= Vatalia Prajapati =

Hindu caste found only in Gujarat

Vatalia or Vataliya Prajapati are an endogamous Hindu group and a sub-caste of Prajapati found only in the Indian state of Gujarat.

Vatalia are said to be off-springs of a Brahmin father by a Kumbhar wife and as such are polluted Brahmins In the eighth century AD, who are now considered a part of Prajapati community, as they do business. Their kuladevata are said to be Lord Hanuman.

Vatalia along with other Prajapati sub-divisions like Sorathia, Gujjar, Parjiya are included in SEBC communities of Gujarat.

Among their associations with other Kumbhar castes - they eat together with Gujjar and Koria Kumbhars but do not inter-marry. However, they would neither eat nor intermarry with Maru and Khambhati Kumbhars of Saurashtra.

Their population is mostly found in Saurashtra in cities of Ahmedabad, Surat, Bhavnagar, Vadodara and Amroli, Savarkundla, Rajula, Talaja, Khambha, Katargam regions. Outside Gujarat, there is notable population of community in Mumbai.

In Talaja, they are known as Tarahariya after the Tarahara village founded by Vatalia community, where the community members from other area still comes to pay homage to their Kulladevata temple of Hanuman.

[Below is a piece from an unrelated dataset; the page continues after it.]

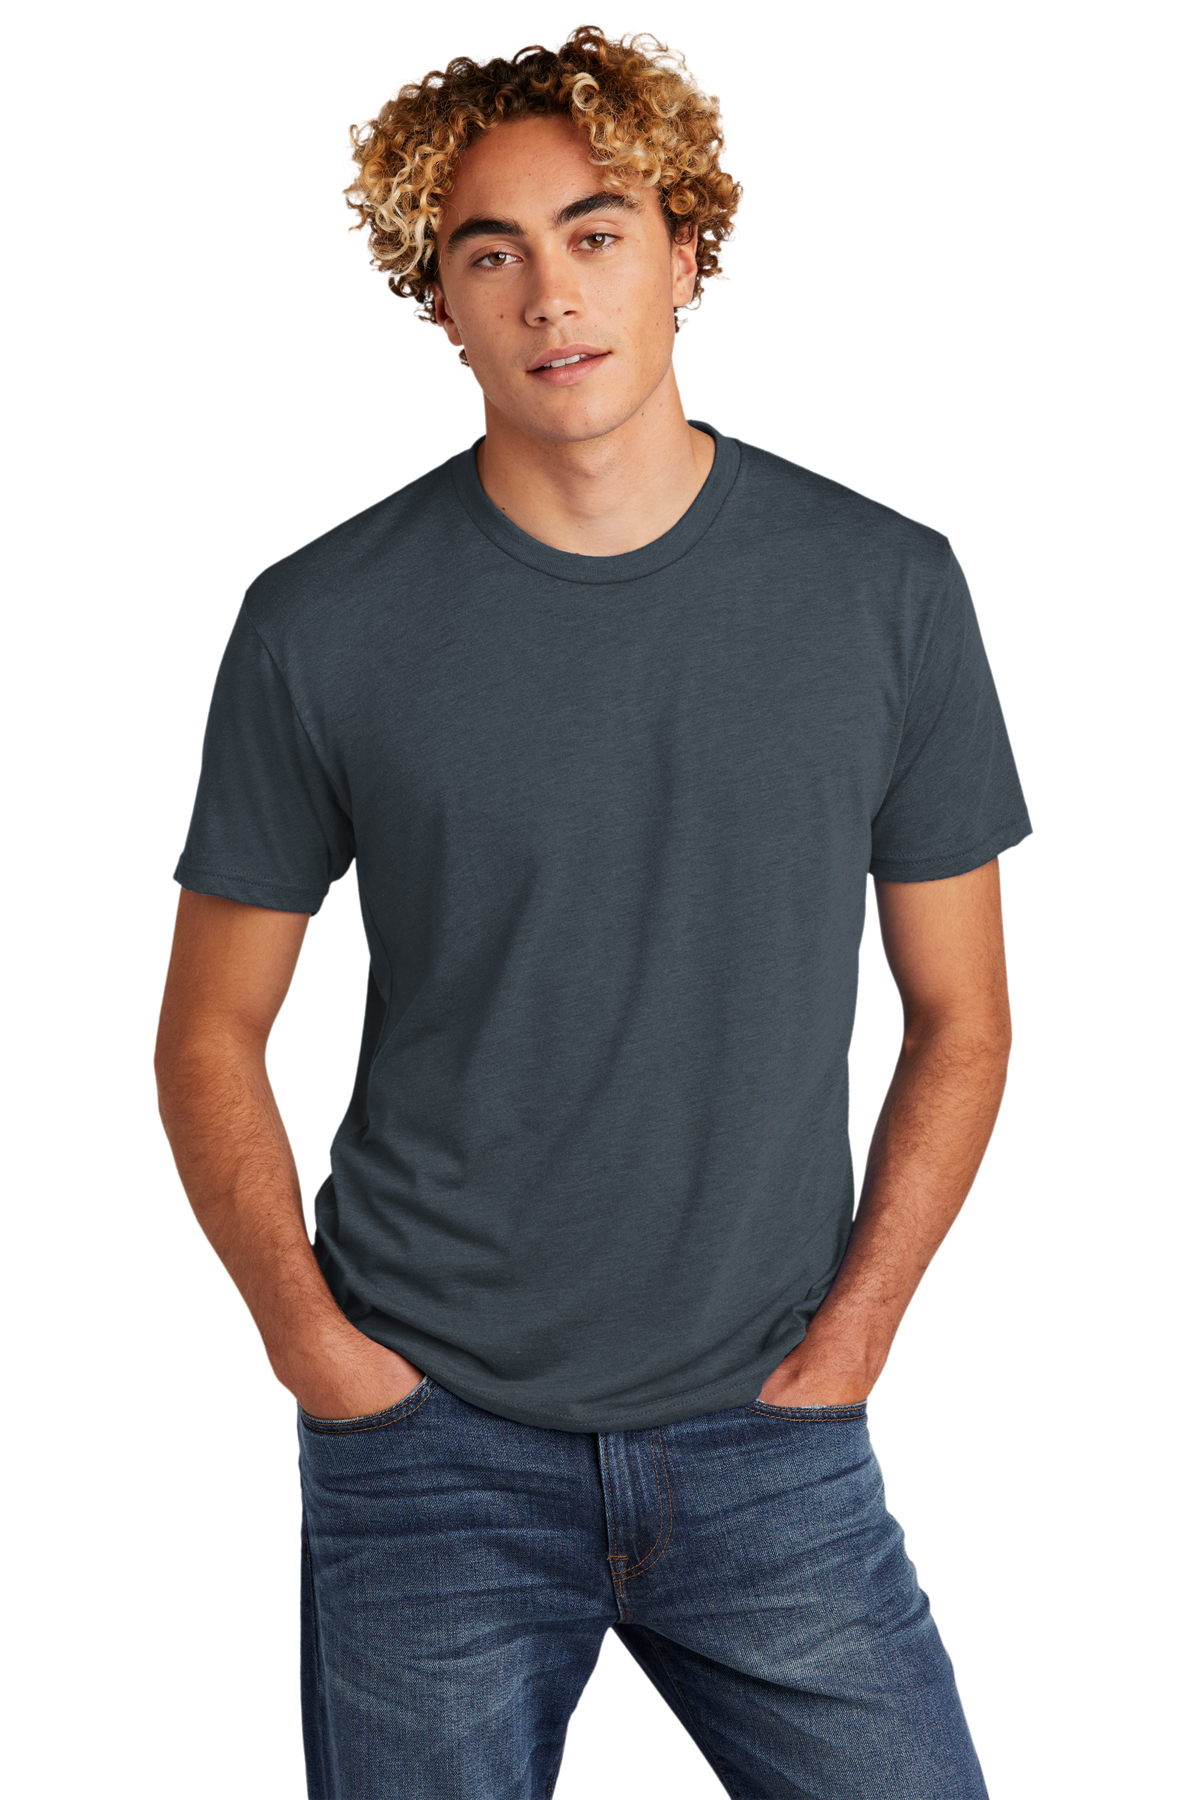 Next Level Apparel Unisex Tri-Blend Tee | Product | Company Casuals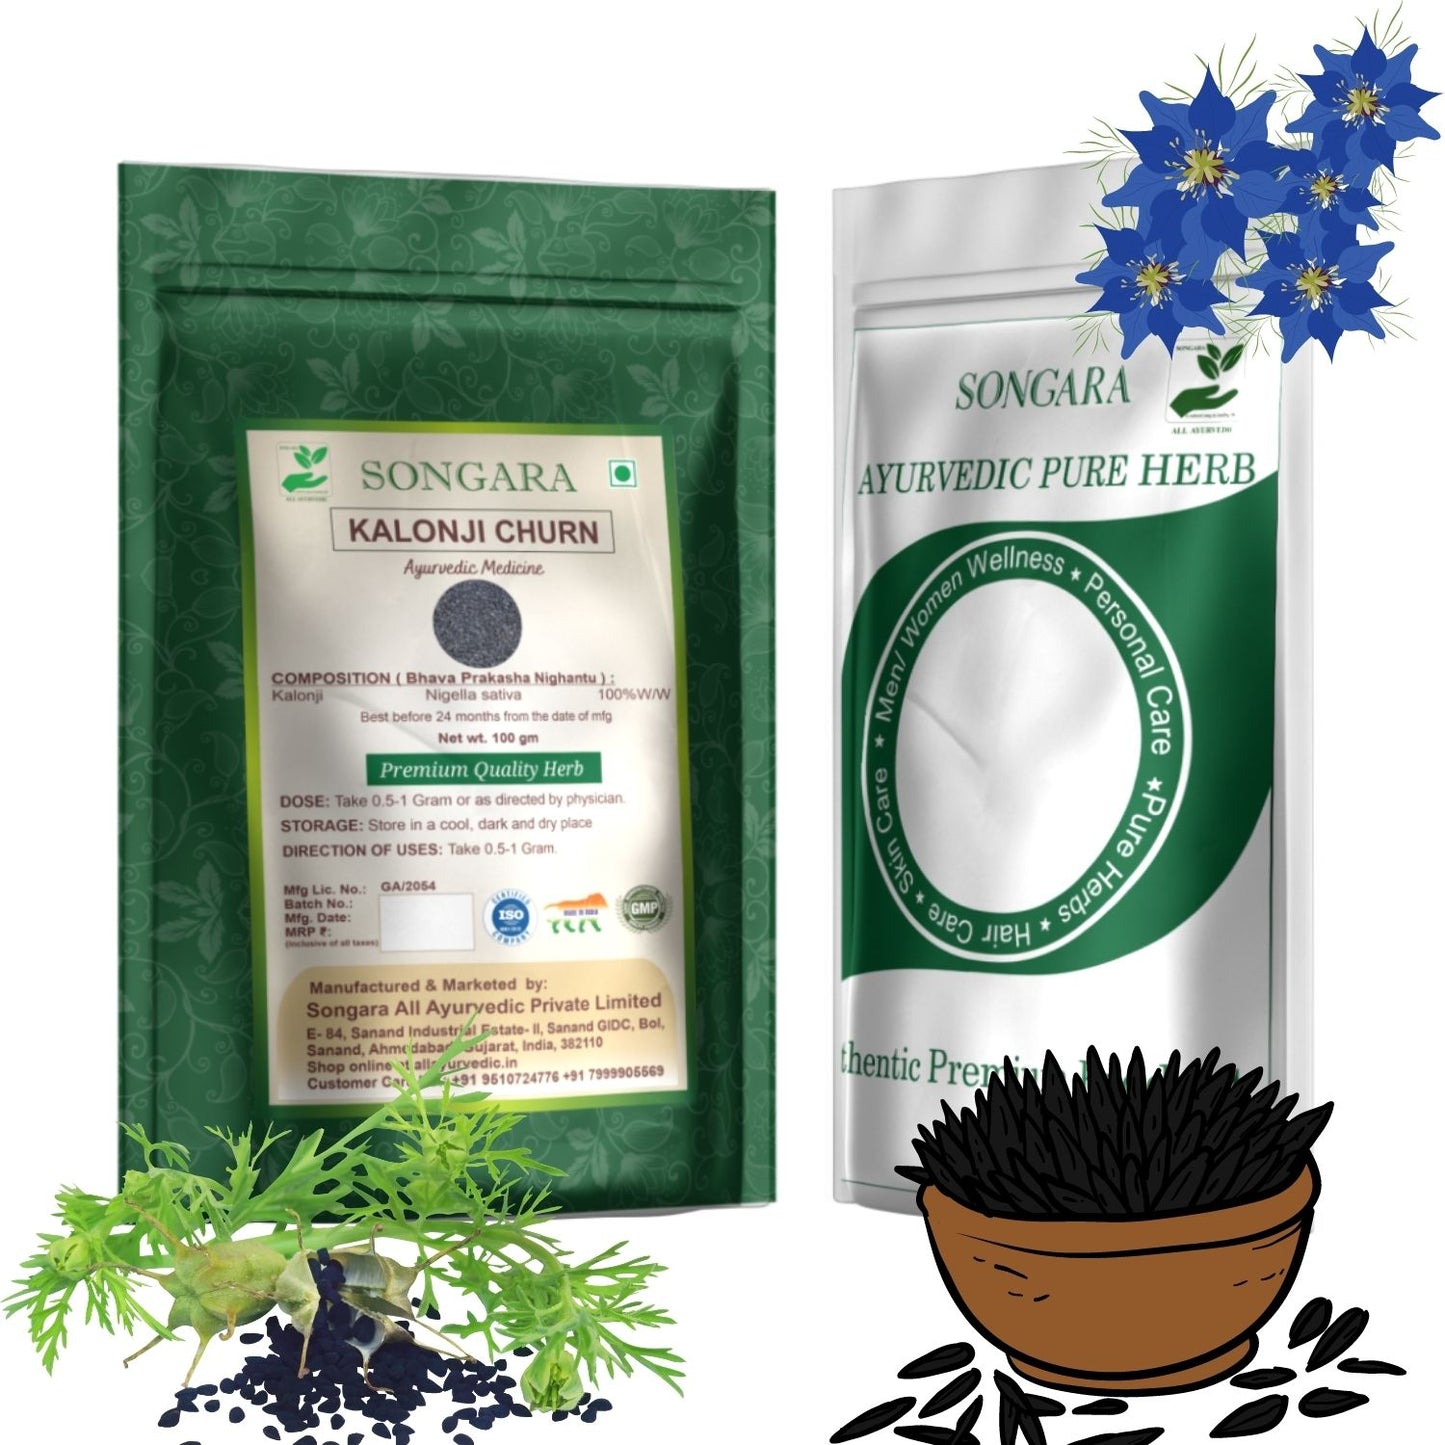 Songara Kalonji Powder: (Nigella sativa) for Health, Hair Growth, Managing Sugar Level, Skin Health, Organically Processed, Premium Natural, (Indian Superfood, Add flavour to curries, Indian Breads and Baked Goods, (100G, Pouch)

The community was subject of medical study with respect to G6PD deficiency and medical research in 2005, which concluded that Vataliya Prajapatis have high incidence of G6PD deficiency without severe chronic hemolytic anemia

The community publishes their own community periodical since 1958, which is circulated amongst the All India Vataliya Prjapati Community Association.